Input data:
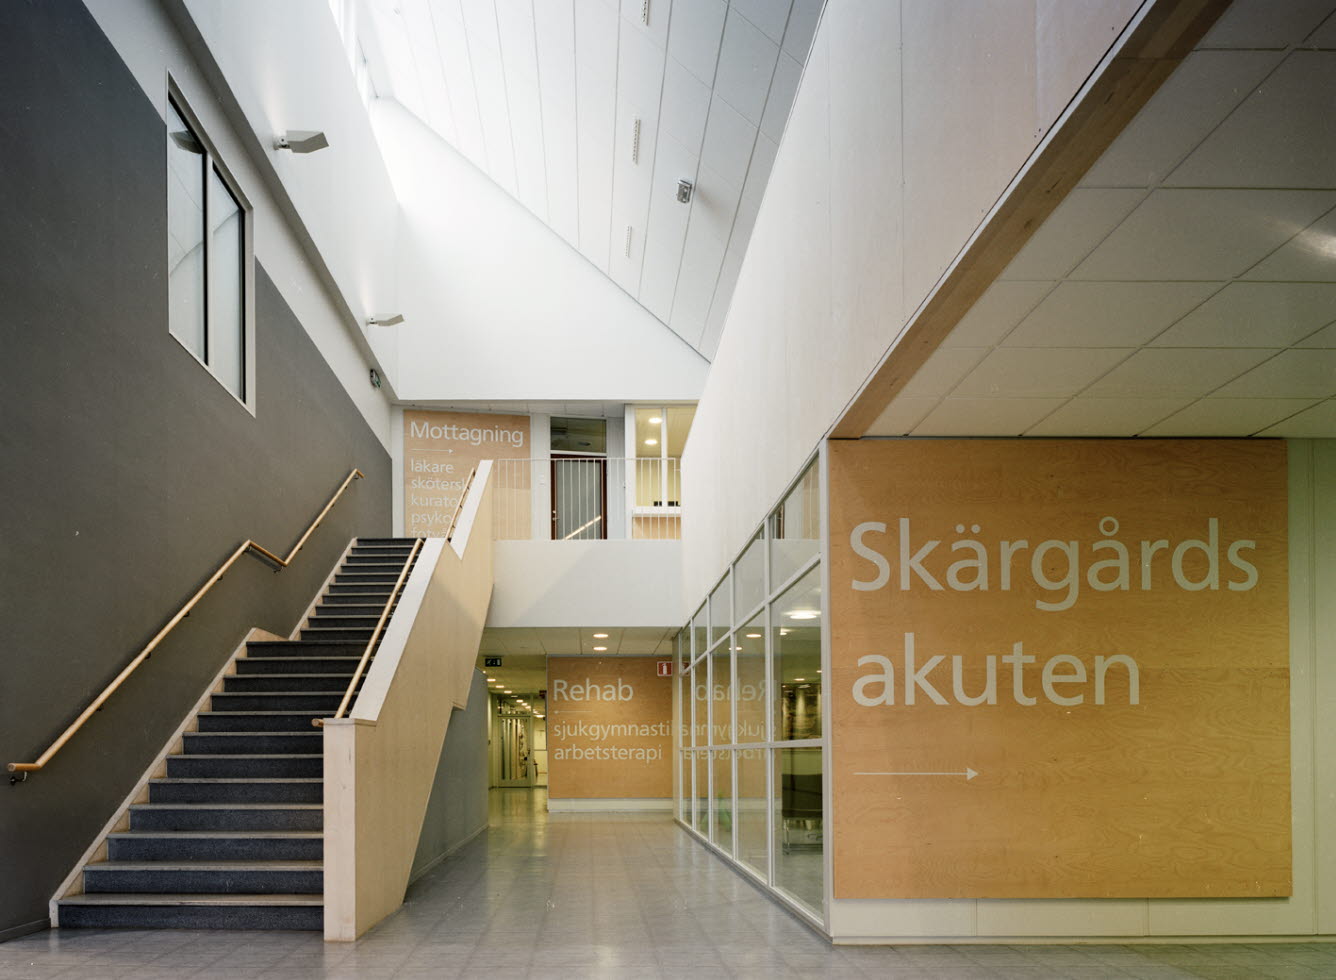 Trappa och korridor på Skärgårdsakuten.
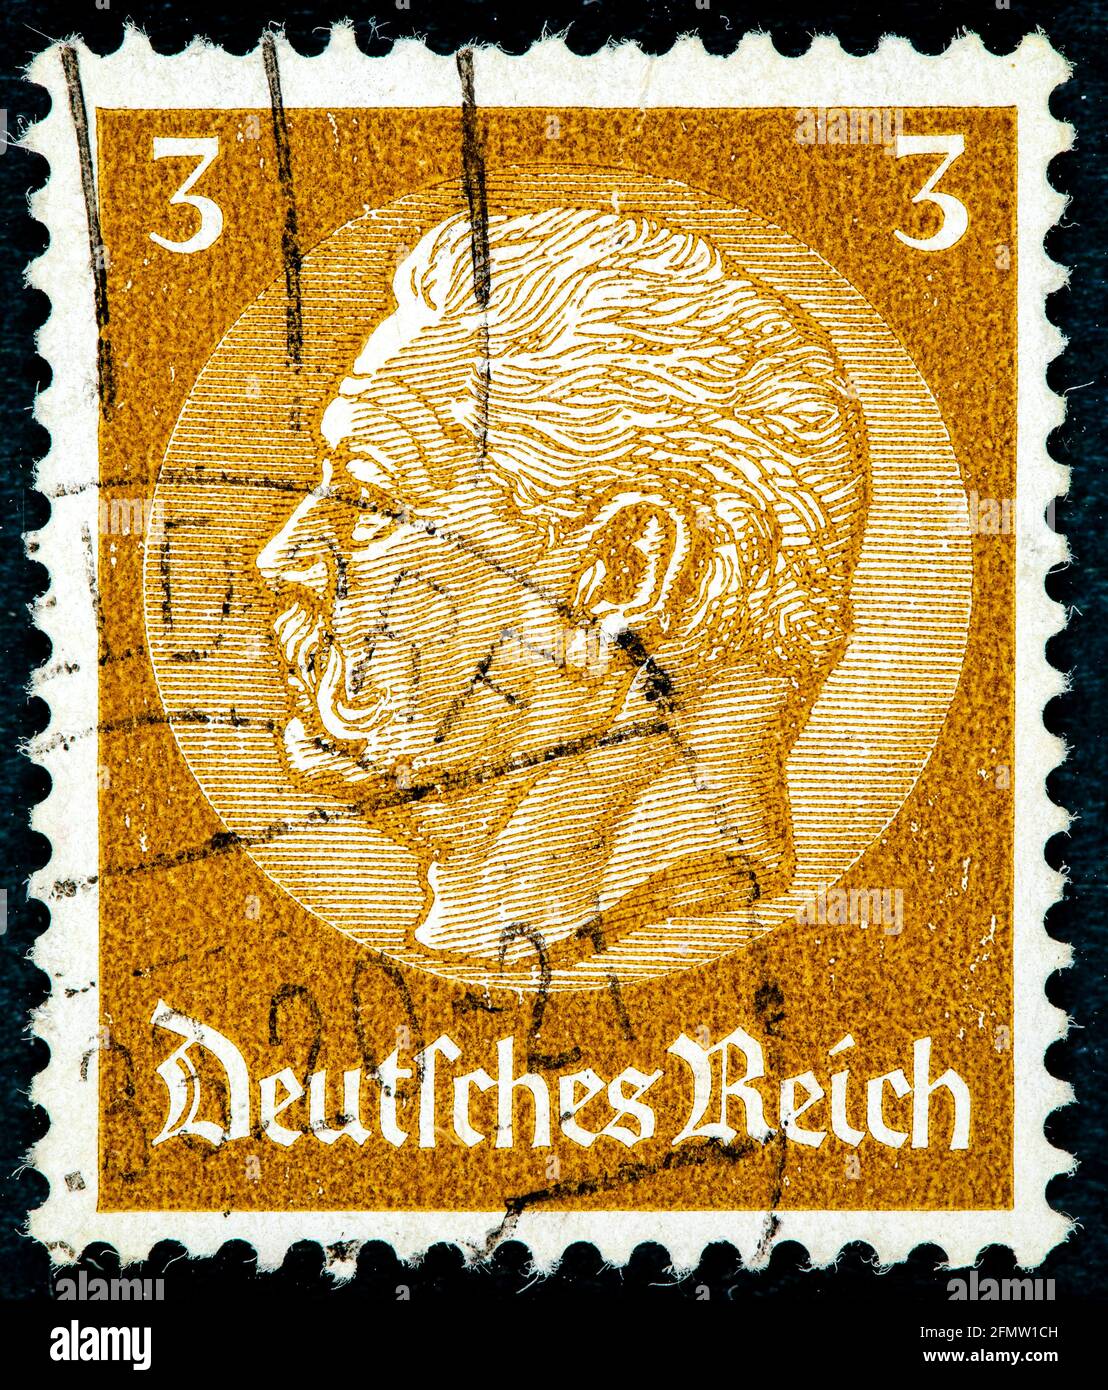 DEUTSCHLAND - UM 1933: Eine in Deutschland gedruckte Briefmarke zeigt das Porträt von Paul von Hindenburg (2. Reichspräsident), ohne Inschrift, aus seri Stockfoto
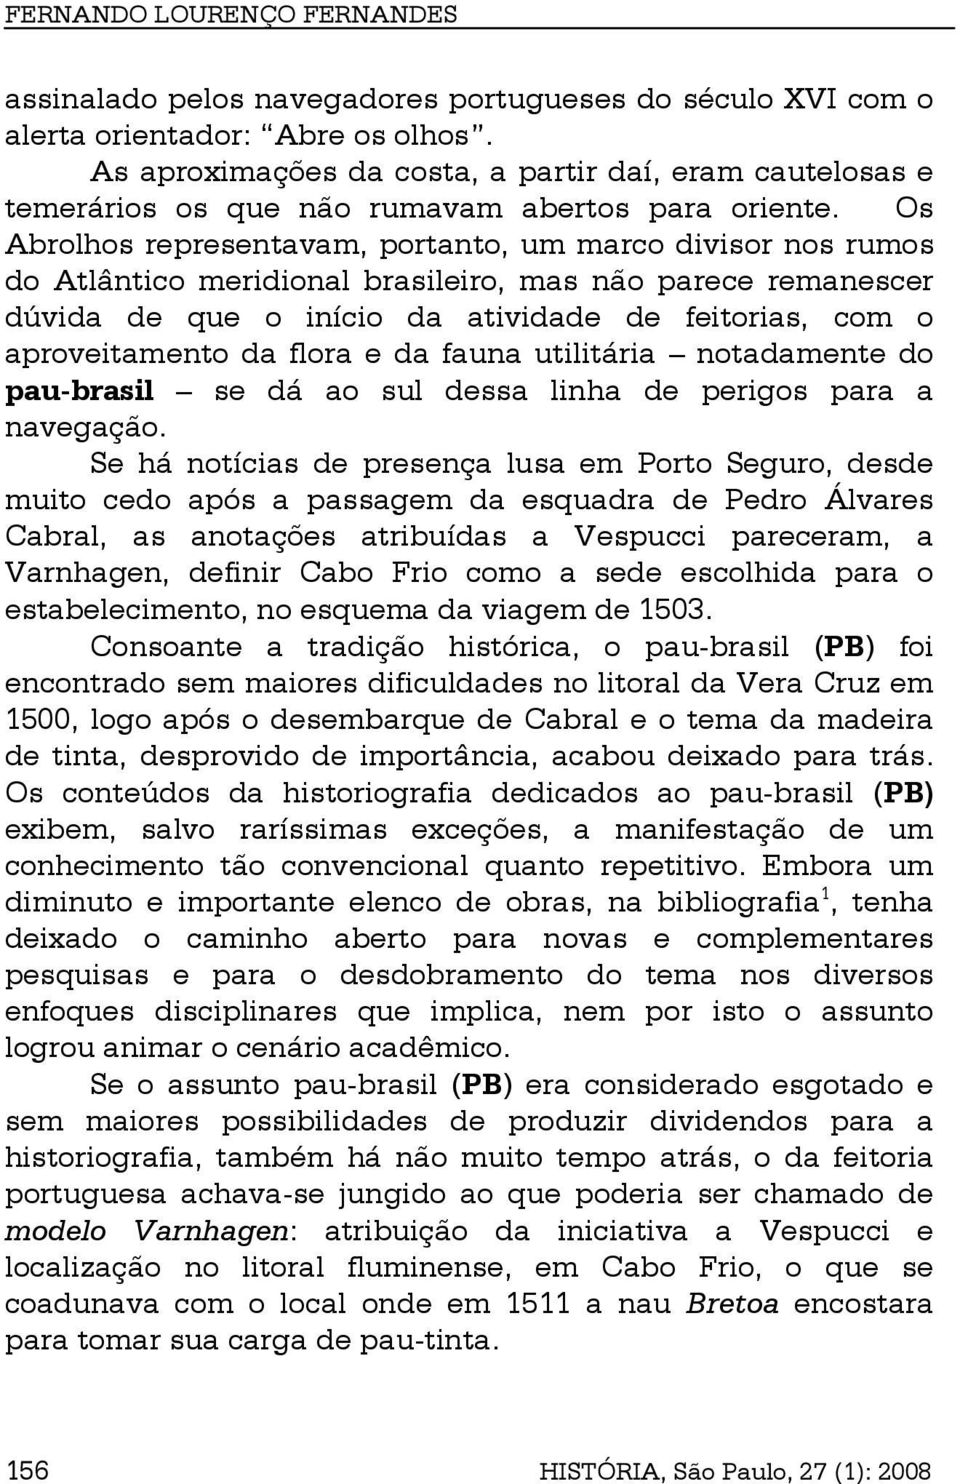 Os Abrolhos representavam, portanto, um marco divisor nos rumos do Atlântico meridional brasileiro, mas não parece remanescer dúvida de que o início da atividade de feitorias, com o aproveitamento da
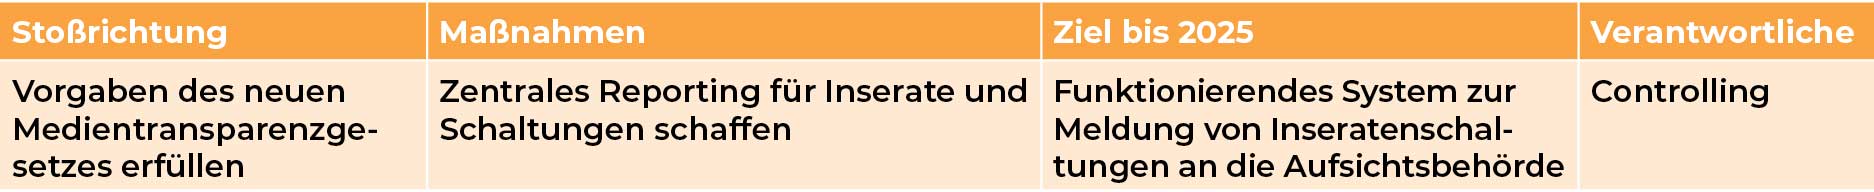 Mediengruppe Wiener Zeitung Nachhaltigkeitsbericht 2023 - mgwznb_cg_korruptionsvermeidung

Exercise directions: Starting at the line that contains "Os Abrolhos representavam, portanto, um", write out exactly each line through the last one in the listing above, leaving out the pictures and adding nothing else.

Result below:
 Os Abrolhos representavam, portanto, um marco divisor nos rumos do Atlântico meridional brasileiro, mas não parece remanescer dúvida de que o início da atividade de feitorias, com o aproveitamento da
 Mediengruppe Wiener Zeitung Nachhaltigkeitsbericht 2023 - mgwznb_cg_korruptionsvermeidung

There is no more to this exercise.